“Our forecast accuracy is fine on paper, but nobody trusts the plan” is a sentence we hear in almost every demand-planning review. It is a more honest description of the problem than the accuracy metric suggests. A demand plan rarely fails in a single bad month. It drifts - cycle after cycle - until the number on the screen and the number people actually use to make decisions are two different things. By then the statistical engine is beside the point; the operating habits around it have decided the outcome.
1. The baseline is a model, not a number
When a demand planner opens the cycle to a single baseline figure with no visible assumptions behind it, every conversation that follows is an argument about opinions. A baseline that exposes its components - the statistical signal, the seasonality applied, the events layered on, the manual adjustments and who made them - turns the same conversation into a review of assumptions. The drift starts the moment the baseline becomes a black box, because a number you cannot interrogate is a number you quietly replace with your own.
The fix is not a better algorithm. It is making the baseline legible: a clear separation between the unadjusted statistical forecast and everything humans have done to it, so that the size and direction of human intervention is visible at all times.
2. Every override needs an owner and a reason
Overrides are not the enemy - unaccountable overrides are. In most estates we audit, a large share of manual adjustments have no recorded rationale and no named owner, and a meaningful fraction make accuracy worse than the untouched baseline would have been. Nobody knows this, because nobody measures the value an override actually added.

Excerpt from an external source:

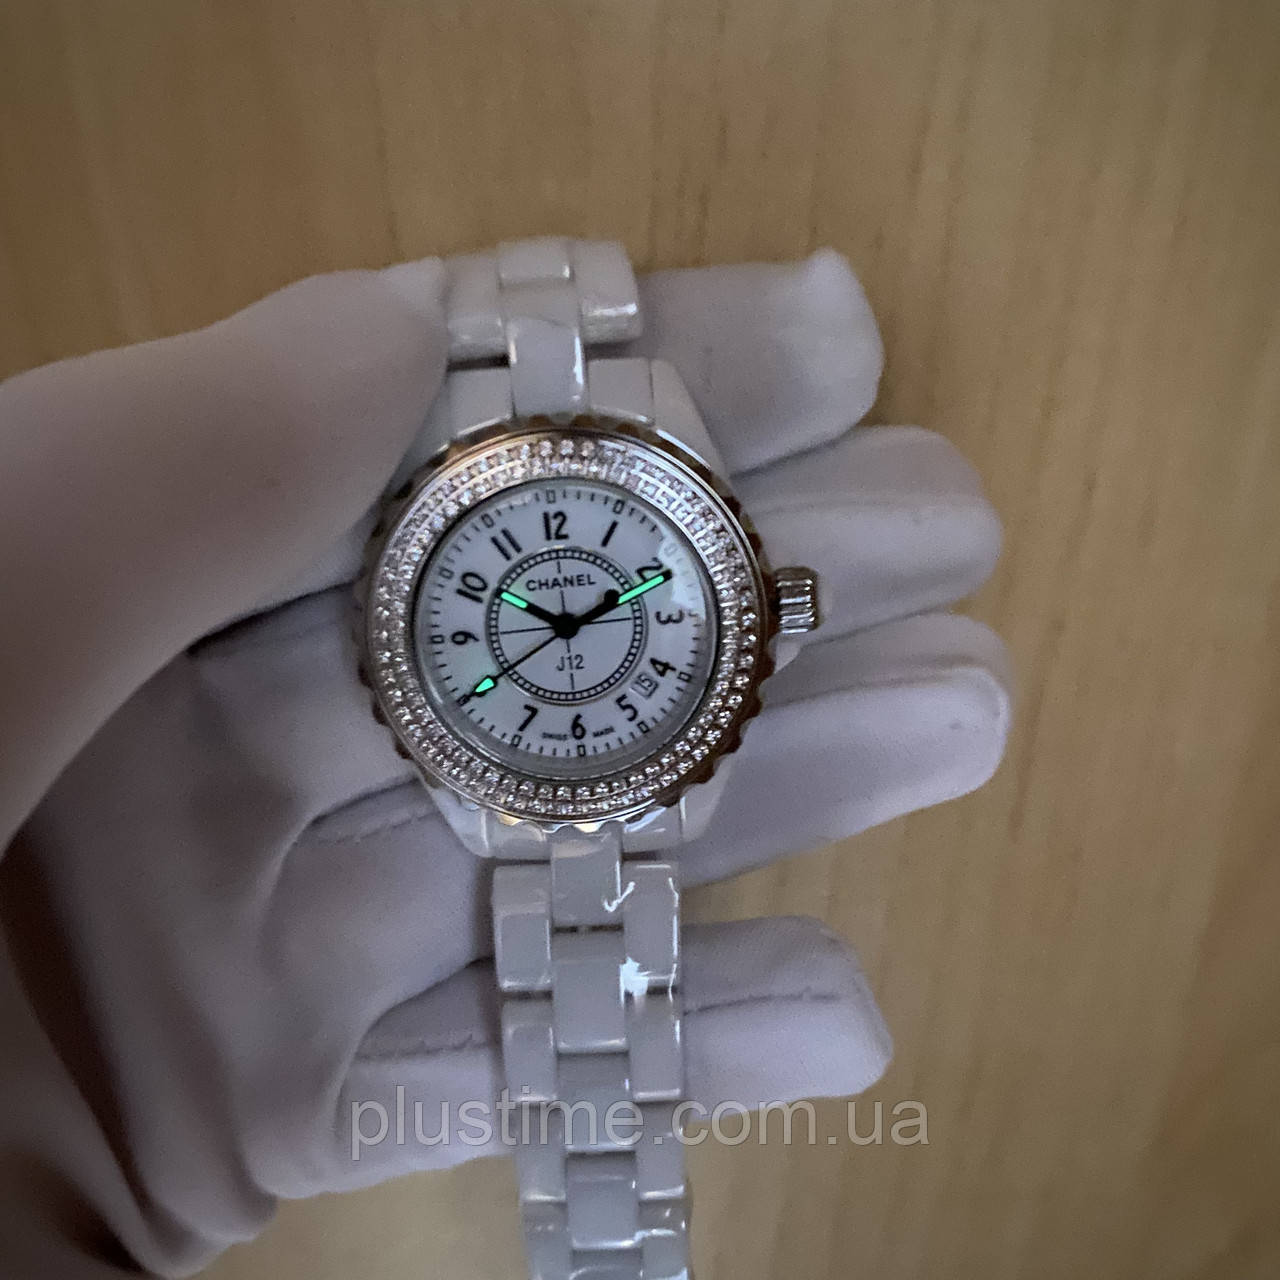 Швейцарские часы Chanel J12 7630 купить в Москве узнать цену в каталоге  ломбарда на Сретенке

A demand plan stays honest when every adjustment carries two things: a reason code and a person. That single discipline lets you do the one analysis that changes behaviour - comparing forecast error with and without human intervention, by owner and by reason. Once planners can see which of their habits help and which hurt, the bad overrides quietly stop on their own.
3. Consensus is a challenge process, not a sign-off
The consensus meeting is where drift is supposed to be corrected and is most often ratified instead. When sales, marketing and supply each bring their own number and the meeting averages them into a figure everyone can live with, the plan becomes a negotiated truce rather than a best estimate. Truces are stable and usually wrong.
A consensus step earns its place only when it is set up to challenge: one baseline as the starting point, each proposed change argued against it with evidence, and disagreements resolved by assumption rather than by splitting the difference. The test of a healthy consensus process is simple - if it never moves the number, it is theatre; if it moves the number without a recorded reason, it is the drift.
4. Measure bias before you measure error
Most teams track error - MAPE, WMAPE - and stop there. Error tells you how far off you were; it does not tell you whether you are structurally optimistic or pessimistic. Bias does, and bias is what compounds. A plan that is consistently 6% high will overstock the whole network quarter after quarter, and no amount of error reduction will surface that pattern. Tracking bias by product family and by planner is the early-warning system that catches drift while it is still small enough to correct cheaply.
Where to start
- Make the baseline legible: separate the statistical signal from every human adjustment, and show the gap.
- Require a reason code and an owner on every override - then report error with and without intervention.
- Reframe consensus as a challenge against one baseline, not an average of several.
- Put bias next to error on every dashboard, split by family and by planner.
None of this requires new tooling - it is achievable inside any serious planning platform, Anaplan included, and most of it is configuration and operating discipline rather than data science. A focused engagement to instrument these four habits usually runs four to six weeks. The payoff is not a one-off accuracy gain; it is a plan that stops drifting between the cycles, which is where the trust - and the inventory - actually lives.